Утром Алена долго стояла у окна, выжидая момент, когда улица будет безлюдной, чтобы быстренько пройти от дома до медпункта. Но стоило ей выйти из двора, как, будто по команде, будто они стояли наизготове, на старте, и ждали терпеливо, обязательно выныривали несколько баб с ведрами, которым срочно и одновременно понадобилась в доме вода.
Мирослав, используя свой давнишний авторитет, даже ходил с некоторыми «подозреваемыми» беседовать по домам. Но! По одиночке-то они, каждый, - милейшие люди, которые в ответ говорят одинаковое «Да ты что, Мирославушка?! Как ты подумать мог! Мы ж…»
Долго это стреляние дерьмом по человеку продолжаться не могло, какая-то развязка в отношениях семейства Мирослава и деревни должна была наступить. Наступила…
В тот день Сан Санычу позвонили откуда-то «сверху» и сказали, что к обеду приедет машина. За ним. Быть готовому, и собрать вещи. Ни на один его встречный вопрос никто отвечать не собирался, да и не слушал никто его вопросов.

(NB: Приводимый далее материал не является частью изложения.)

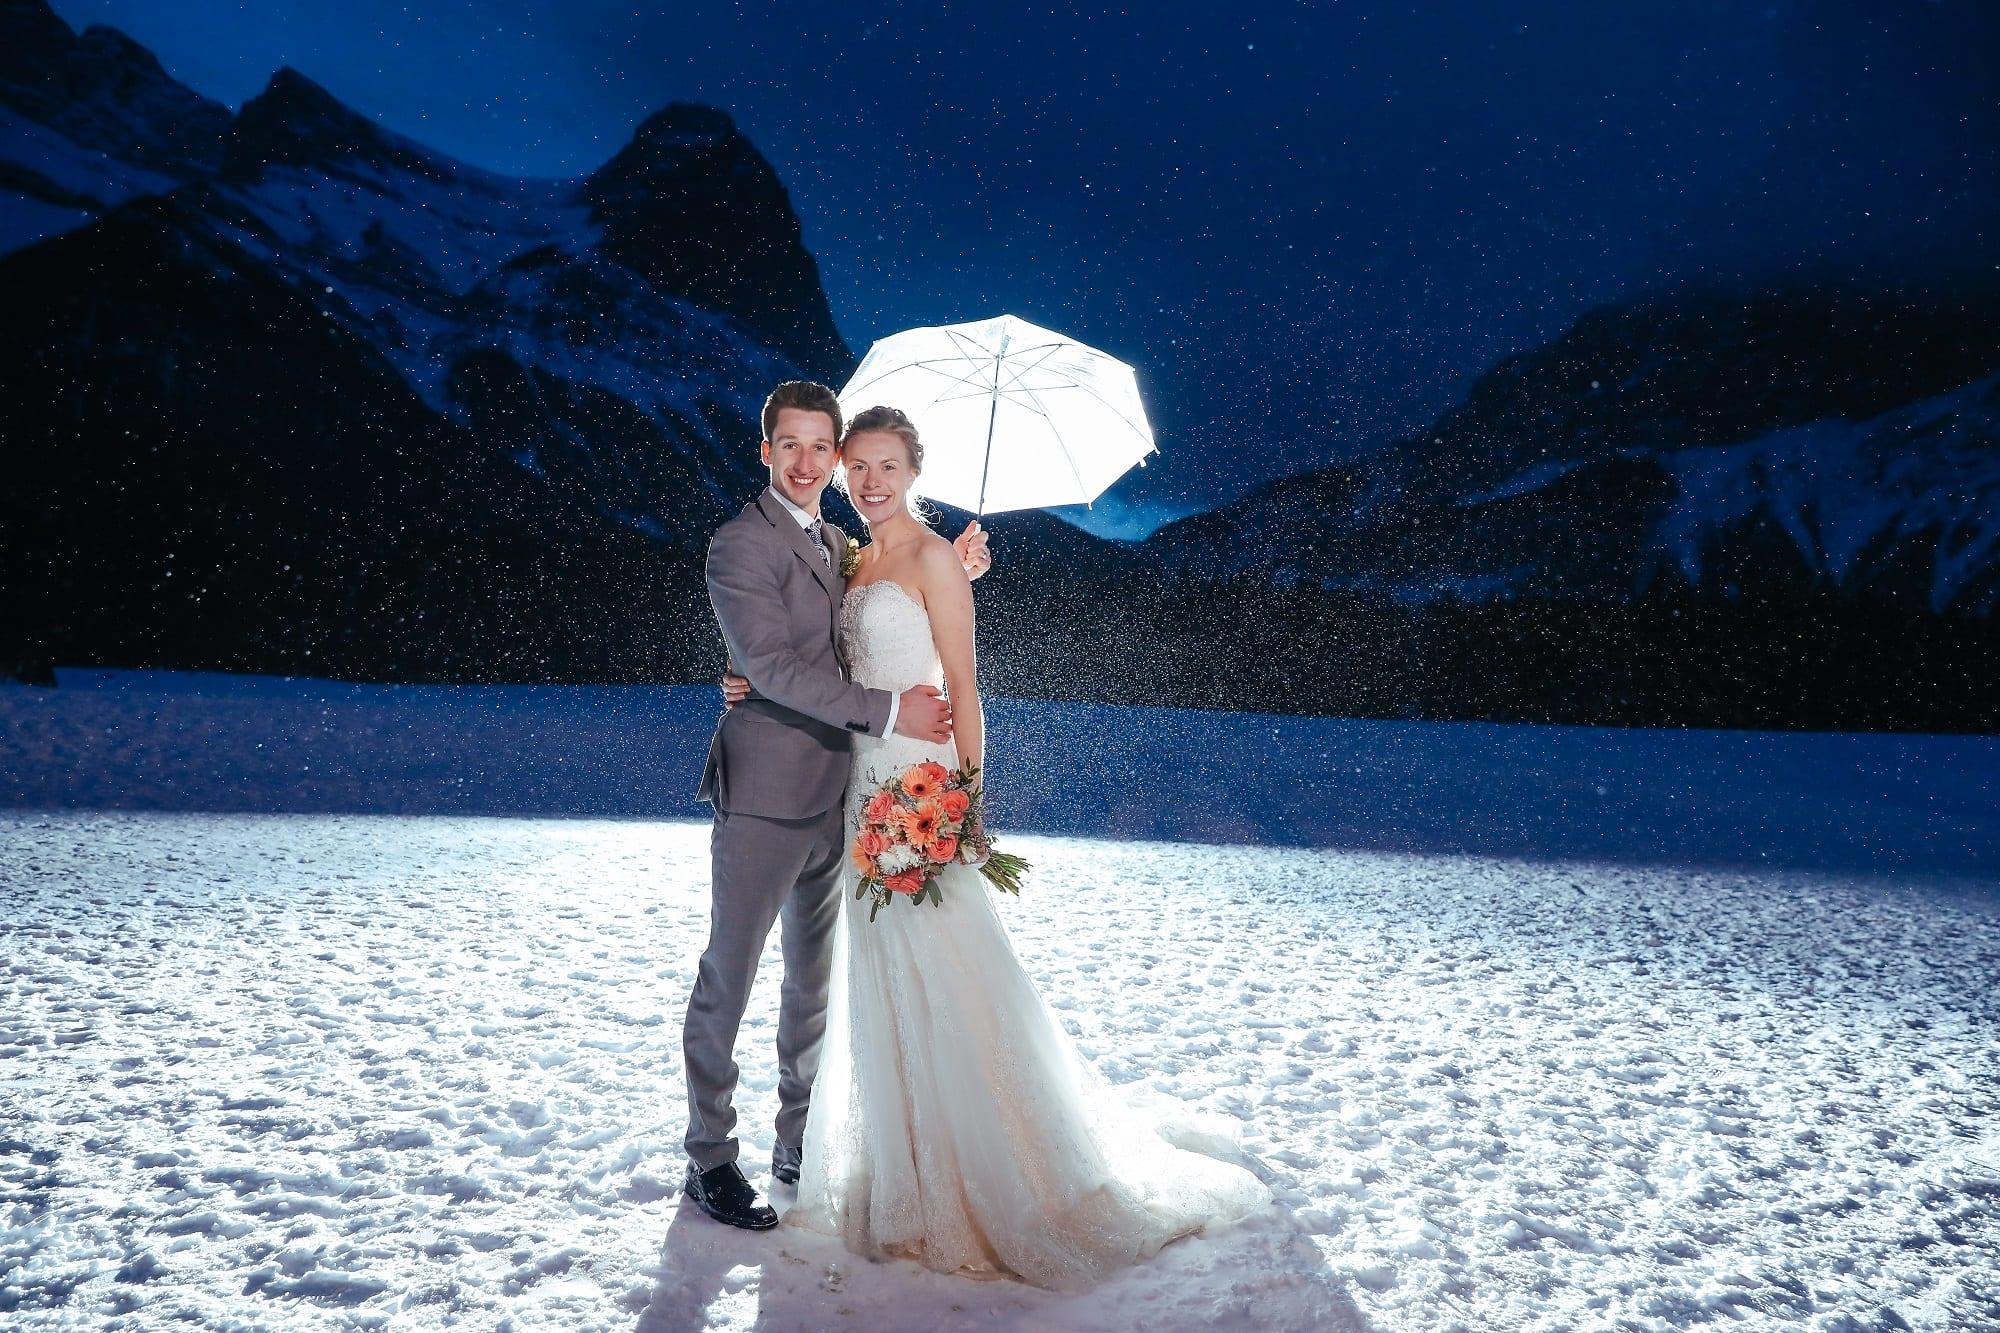 rocky mountain wedding planning

В обед на глазах у всей деревни, Сан Саныч сел в черный автомобиль, и его увезли в неизвестном направлении.
Алексей Петрович, председатель, на вопросы Мирослава не нашелся, что другое ответить, кроме как: « А нечего на «проверку» из самой Москвы с кулаками кидаться из- за какой-то…»

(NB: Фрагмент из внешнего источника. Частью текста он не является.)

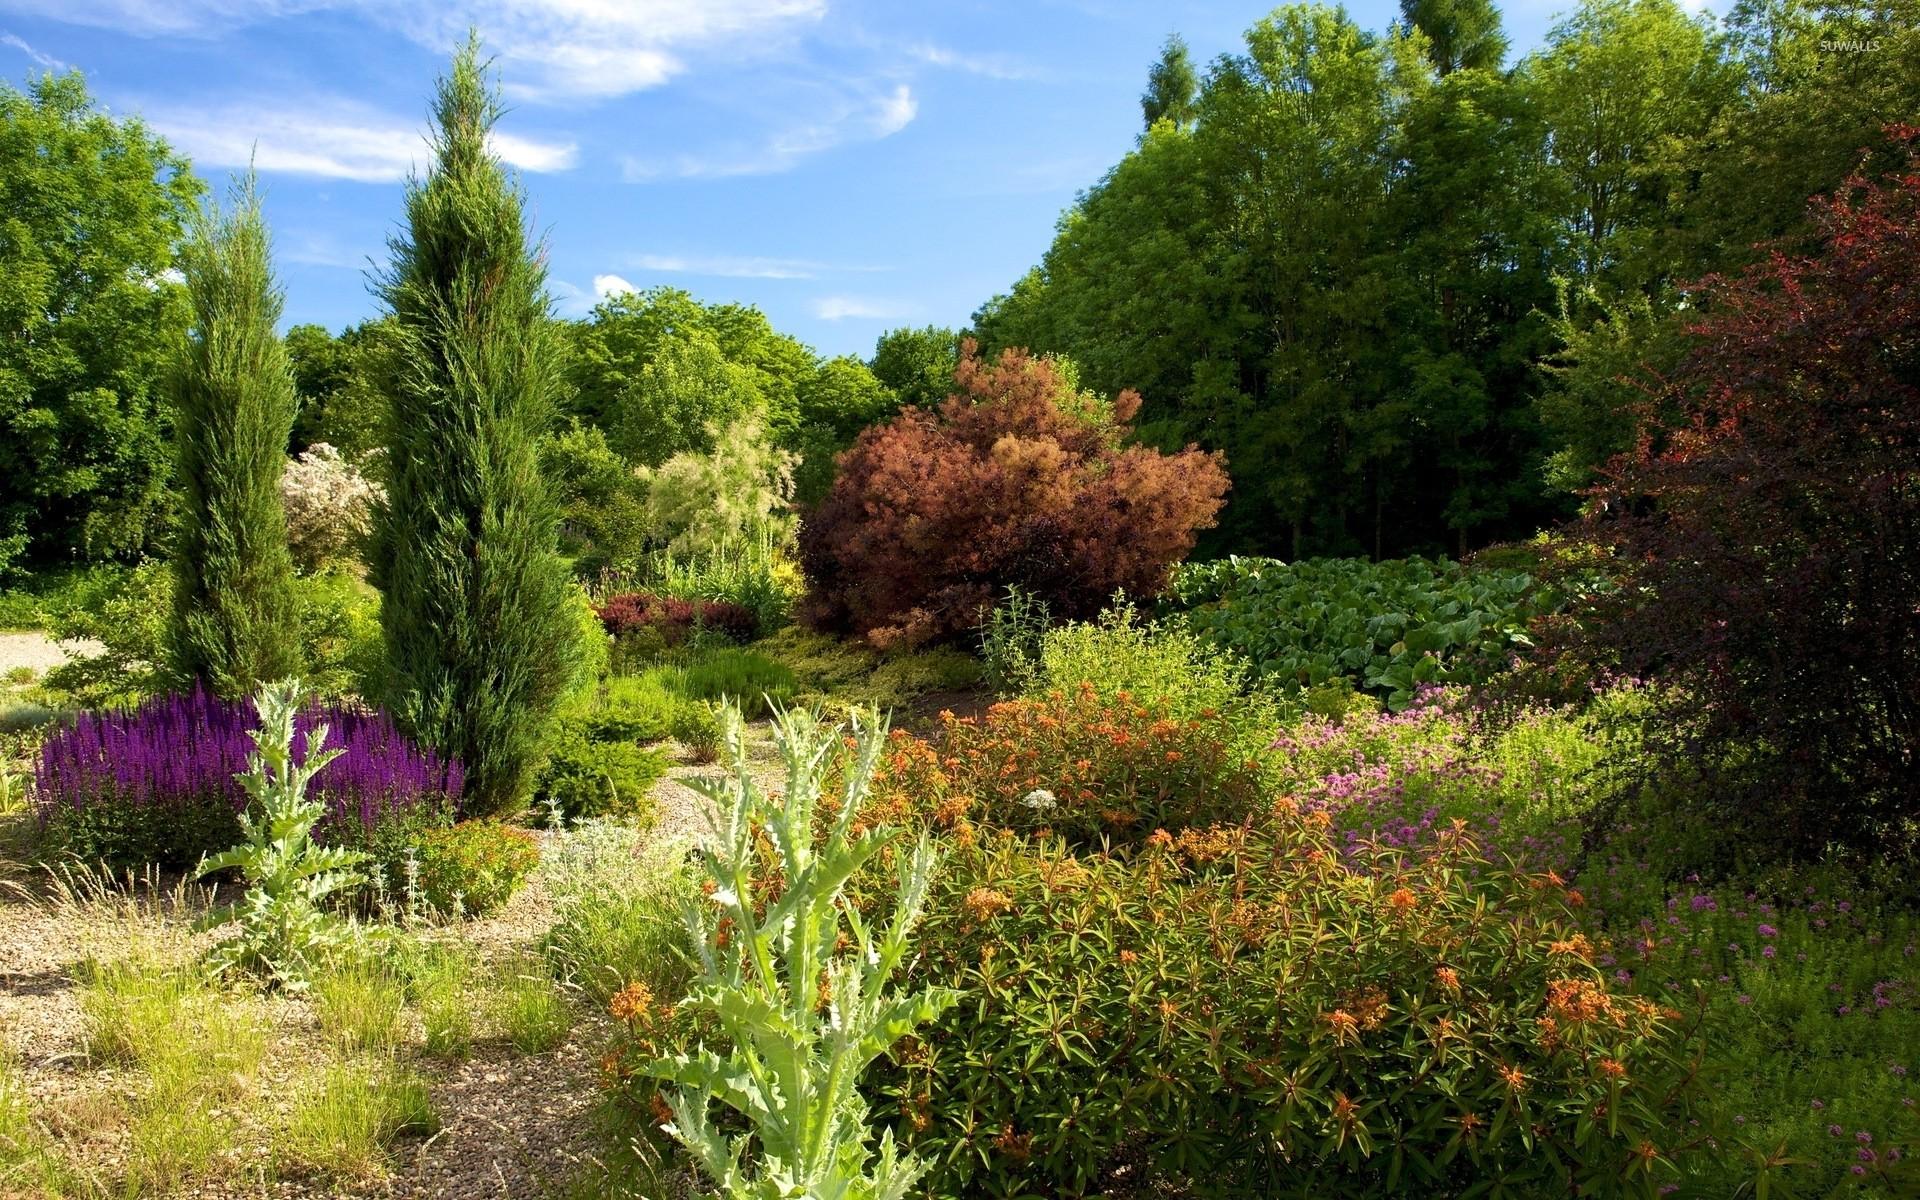 Heavenly garden on a sunny day wallpaper

Алена на работу на следующий день не вышла. На растерзание сельчан она идти не могла…
- Мирослав, позови к нам Алену Станислововну, У Жорки температура тридцать семь и пять! – обратилась к нему одна деревенская, встретив за воротами.
- Малину из погреба достань! – Резко бросил в ответ Мирослав.
Тамара была в жутком ударе. Она сходила в магазин, заглянула, не заходя в свой дом, в сарай, где, нехотя, стругал что-то Мирослав.
- Мирка, слышь… Ты возьми Володю к себе, а мне сегодня Алену выдели – мы с ней поскулим, да выпьем чуток. Так на душе погано… Девишник у нас, ладно?
- Ладно. Выпейте, девчонки. Правильно. Надо нам всем как-то лечиться.
А вечером он слышал, как они обе плакали, говорили, говорили, опять плакали, потом смеялись, даже ржали как-то натурально, не деланно…
А когда свет в «гареме» погас, он тоже, наконец, успокоился, выкурил на пороге еще одну папироску и пошел спать к сопящему на кровати Алены сыну.
- Угомонились девки мои, слава Богу. Напились хоть раз, душу отвели. Слава Богу. Так-то лучше, надо им. Обеим.
***
Проснулся Мирослав уже через какой-то час, да так всю ночь и, изворочившись, встал, да пошел в сарай работать – толку нет так просто в постели валяться, все равно не уснуть уже.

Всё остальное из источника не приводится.